Soms wordt je verrast met lokale kunst, heel vaak door kitsch.
Deze keer, in een hotel in São Filipe op Fogo leek het op kitsch
maar blijkt het om kunst met een grote ‘K’ re gaan.


Dit was het hotel in São Filipe, op Fogo. Geen idee wat de naam van het hotel was. Zoals je ziet was het hoteldeel achter het voorhuis smal om ruimte te maken voor het zwembad.


Dit landschap blijkt een schilderij te zijn van de Engelse schilder John Constable, de titel is Flatford Mill, ‘Scene on a Navigable River’, 1816 -1817.

Het schilderij is eigendom van Tate Britain, op hun website
vond ik de volgende tekst:

Constable began this picture, his largest exhibition canvas to be painted mainly outdoors, a few months before his marriage to Maria Bicknell.
He wrote to Maria from Bergholt on 12 September 1816: ‘I am now in the midst of a large picture here which I had contemplated for the next exhibition – it would have made my mind easy had it been forwarder – I cannot help it – we must not expect to have all our wishes complete’.
Prior to 1814, the artist produced his exhibition pictures in the studio, working from oil sketches and drawings, but in that year he declared his intention to make finished paintings from nature.
The summers of 1816 and 1817 were the last occasions upon which Constable spent any length of time at East Bergholt, and the last in which the artist painted directly from the scenery of his Suffolk childhood.
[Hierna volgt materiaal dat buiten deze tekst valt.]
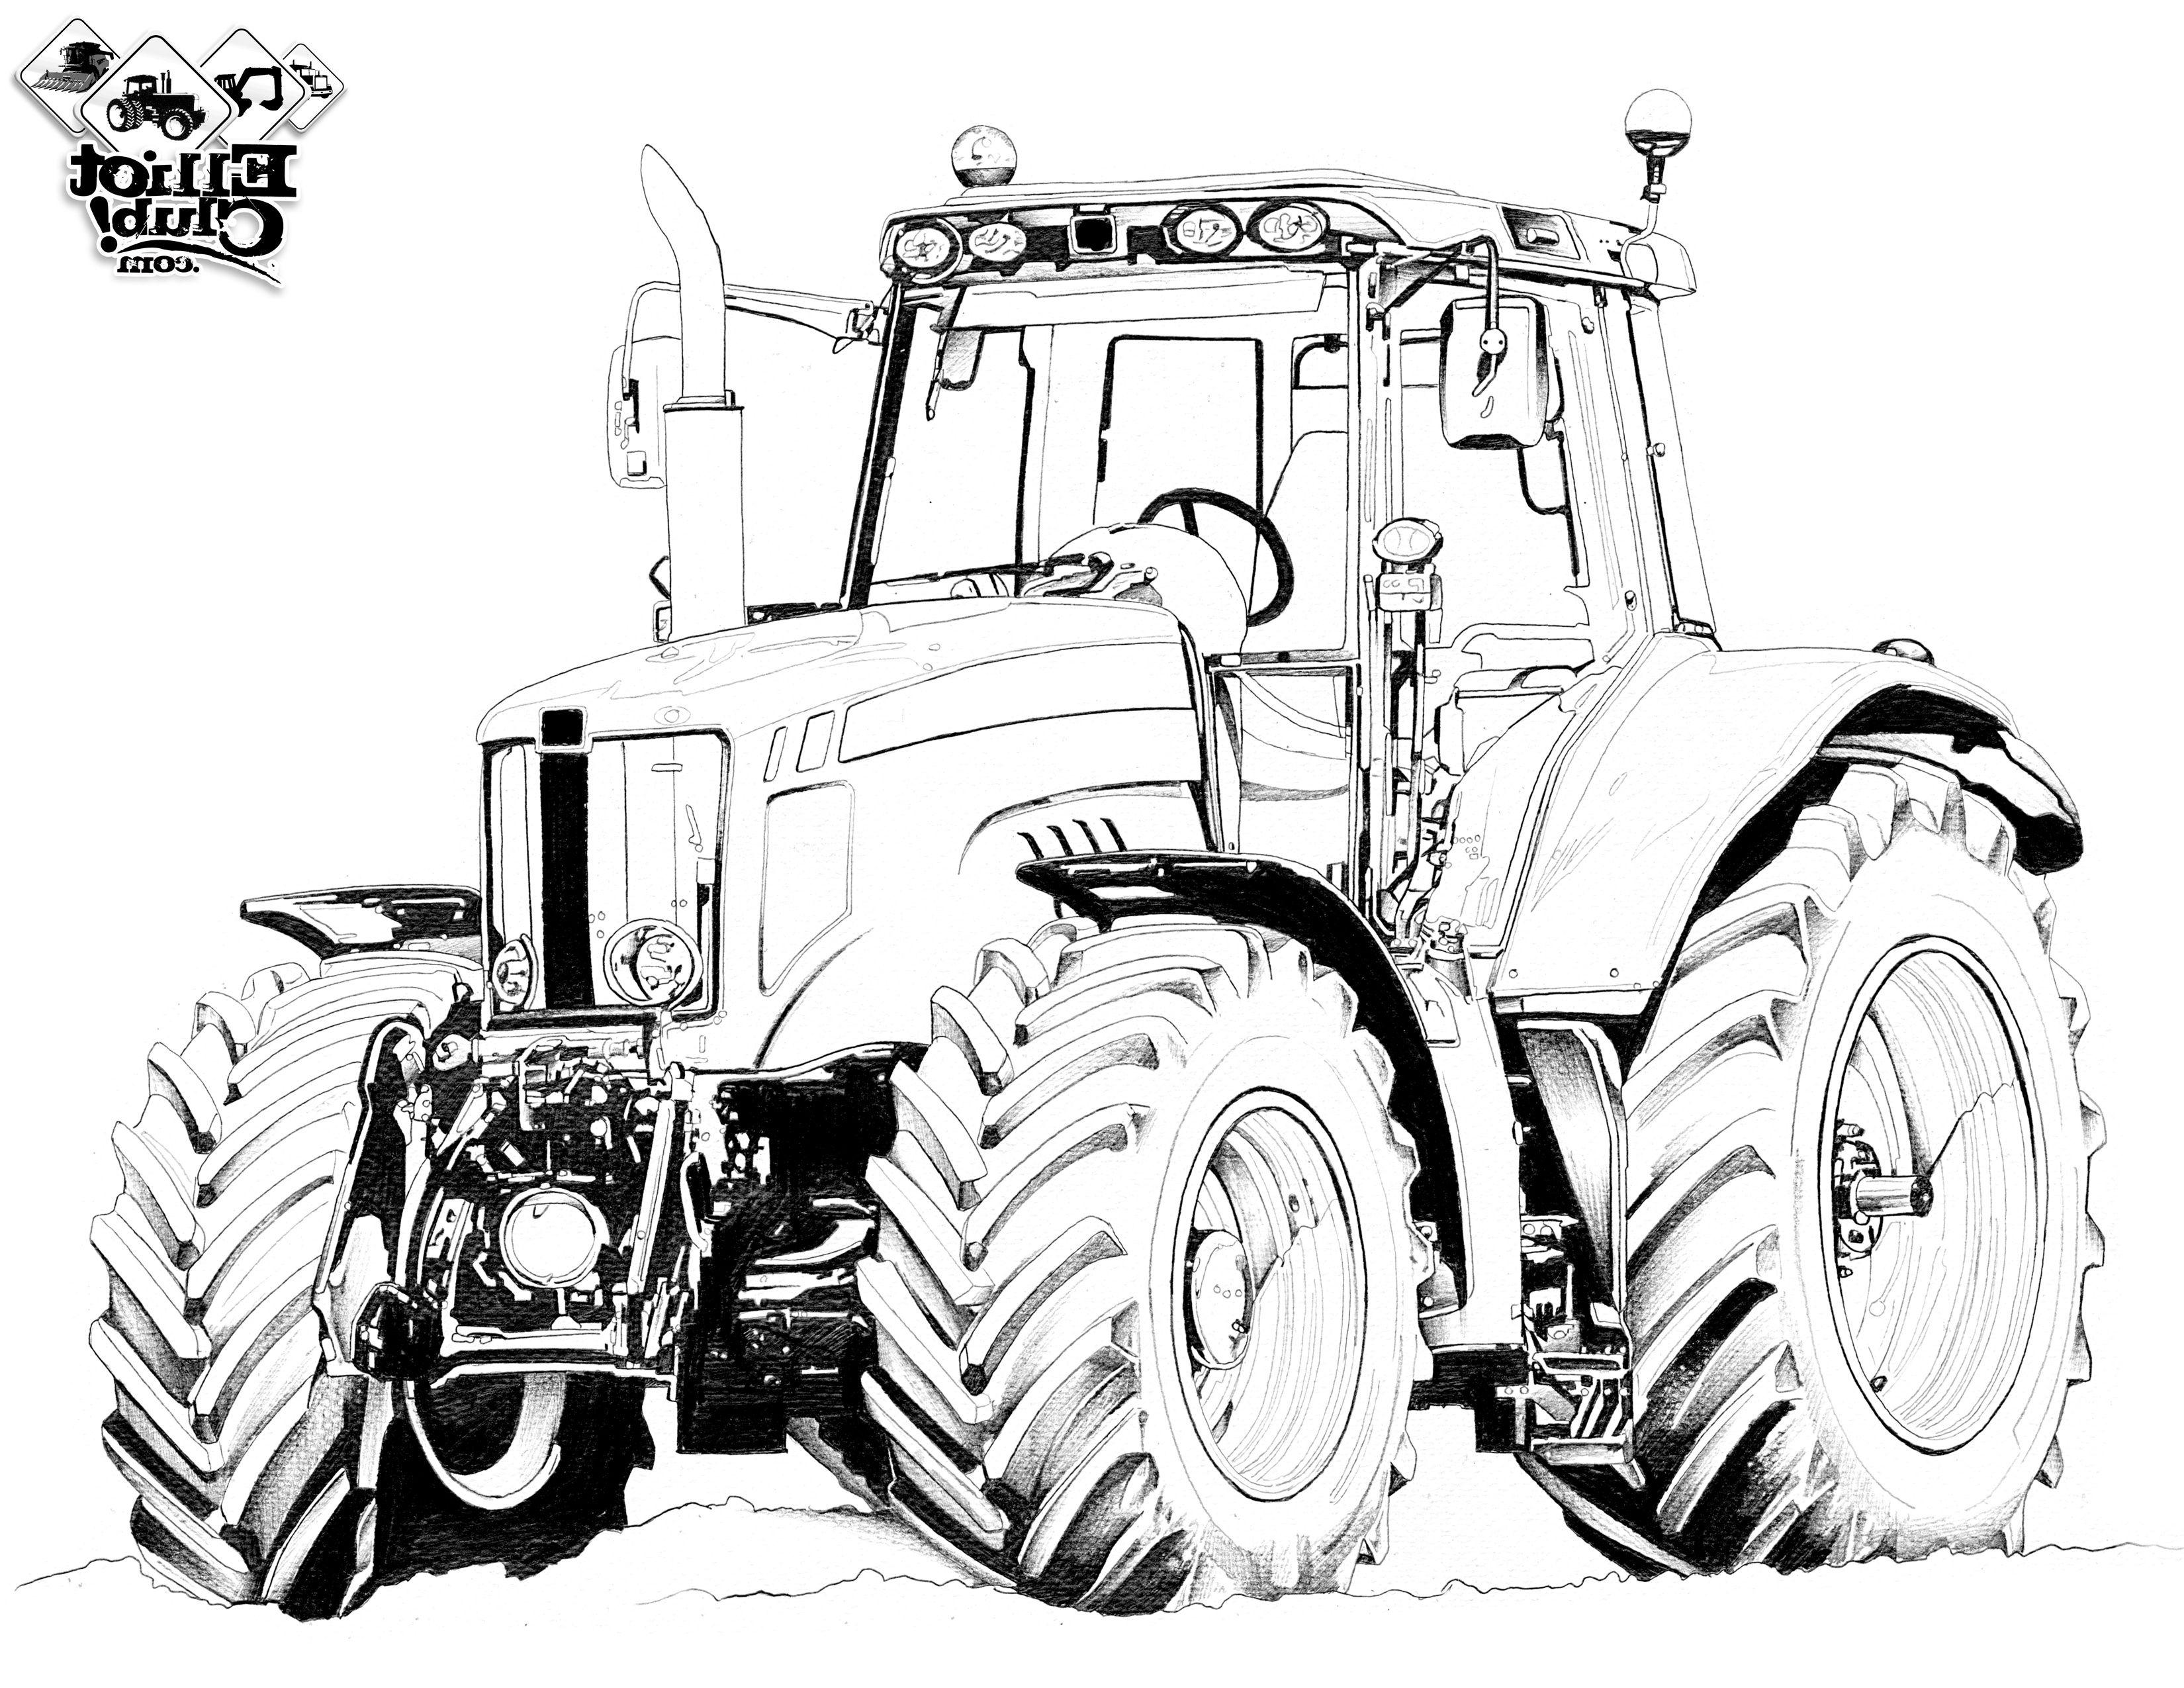 14 Beau De Tracteur A Colorier Images Coloriage Tracteur Image Coloriage Comment Dessiner Bob L Eponge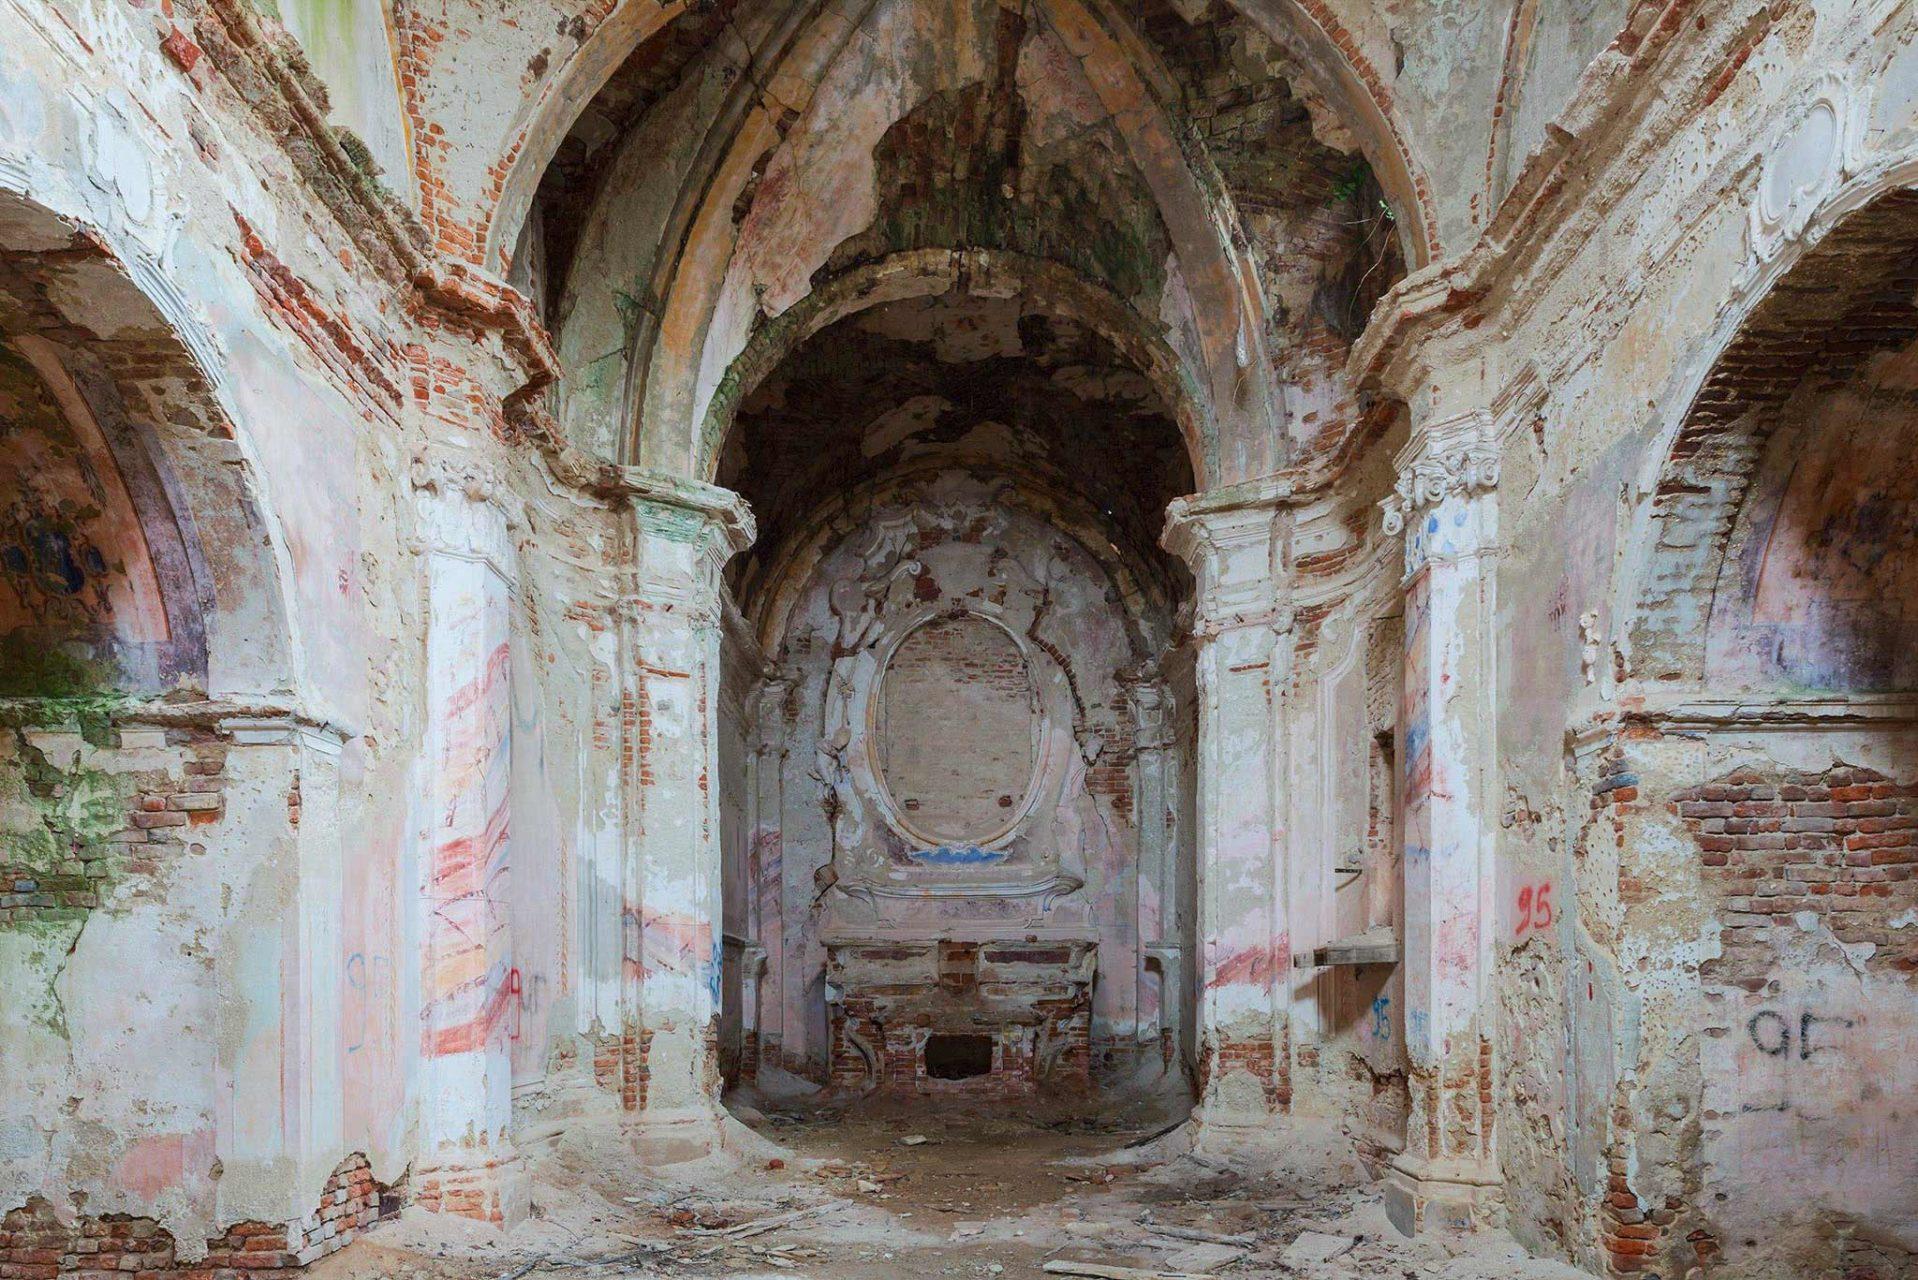 Church 95

Constable frequently depicted the scenes of his ‘careless boyhood’ which, he wrote to his friend Archdeacon Fisher, he associated with ‘all that lies on the banks of the Stour.
They made me a painter (& I am gratefull)’.
The Constable family business was at Flatford, about a mile from East Bergholt.
The family had a watermill on the Stour for grinding corn, and a dry dock for building the barges to transport grain to Mistley for shipment to London, as well as a watermill upstream at Dedham.
The passage up and down the river required the use of horse-drawn barges; the ropes had to be disconnected in order to allow the barges to be poled under Flatford bridge.
In this picture, a boy is disconnecting a rope and another sits astride a tow-horse.
Constable painted the inscription to appear as if it had been scratched in the earth with a stick.